# October 2011 Basic Military Qualification



## TOBY0729 (5 Sep 2011)

[size=10pt]_*So here I am, confused but keeping more patience than before. I have applied for infantry in 2009 and since then I am just waiting. I know it took long time for me because I was born in India and my mom is still residing in India. But hey I am Canadian citizen and I love Canada as much as you all do and I want to serve this country to show my appreciation. Canada has given me a lot. Anyways there is saying "opportunity comes once in life-time" and I am wondering when it will my turn. Somewhere around end of June 2011, I was merit listed and I thought I might be heading for September 2011 basic military qualification. Then around middle of July 2011 I received a call from CFRC once again, and I thought "that might be it"; but then an officer told me that I need to do my reliability check once again since it expires every year. So they wanted me to come to recruitment center and fill up the DND form as soon as possible and next morning first thing I went to CFRC and submit the DND form. Then on 18 August I received another call from CFRC. An officer told me, the report on my reliability check came back and they wanted me to explain what happening with my credit report. I knew sooner or later they will ask me about this, but luckily I paid of my debt and gather all my payment statement to show them I am cleared. So when I explained my financial situation to the officer, he wanted me to submit all my payment statement to CFRC as soon as possible and before he disconnect it I asked him "sir what would be your prediction, how long do you think it will take for me to get job offer since this year only 10 infantry position available?
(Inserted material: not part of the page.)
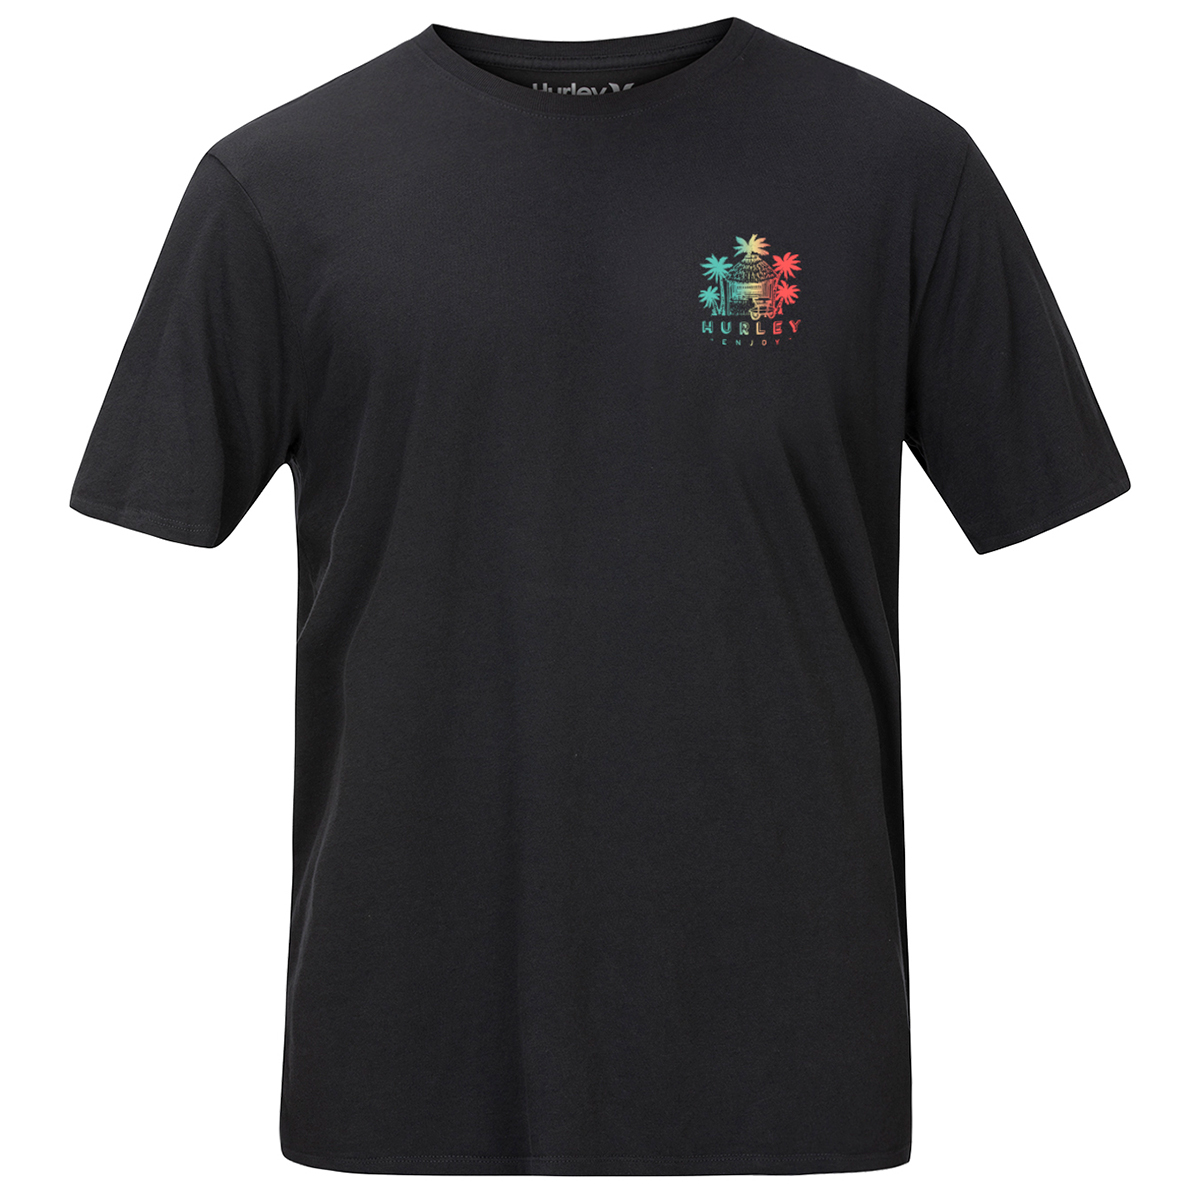 Hurley Men's Get Shacked Short-Sleeve Tee - Black, XL

Do you think I will be heading for April 2012? Or October 2011 since 4 more platoon is going to begin in October 2011 and he said, "Well you will get a job offer in a month". Since then I am just waiting to hear the good news. The purpose of writing this topic, is to see if anyone else is in the same situation as me. Thank you for reading this and hope I will get some more information from you guys. Have a Great Day Guys  *_[/size]


----------



## Craisome (5 Sep 2011)

This might be off topic but how bad was your credit score ? 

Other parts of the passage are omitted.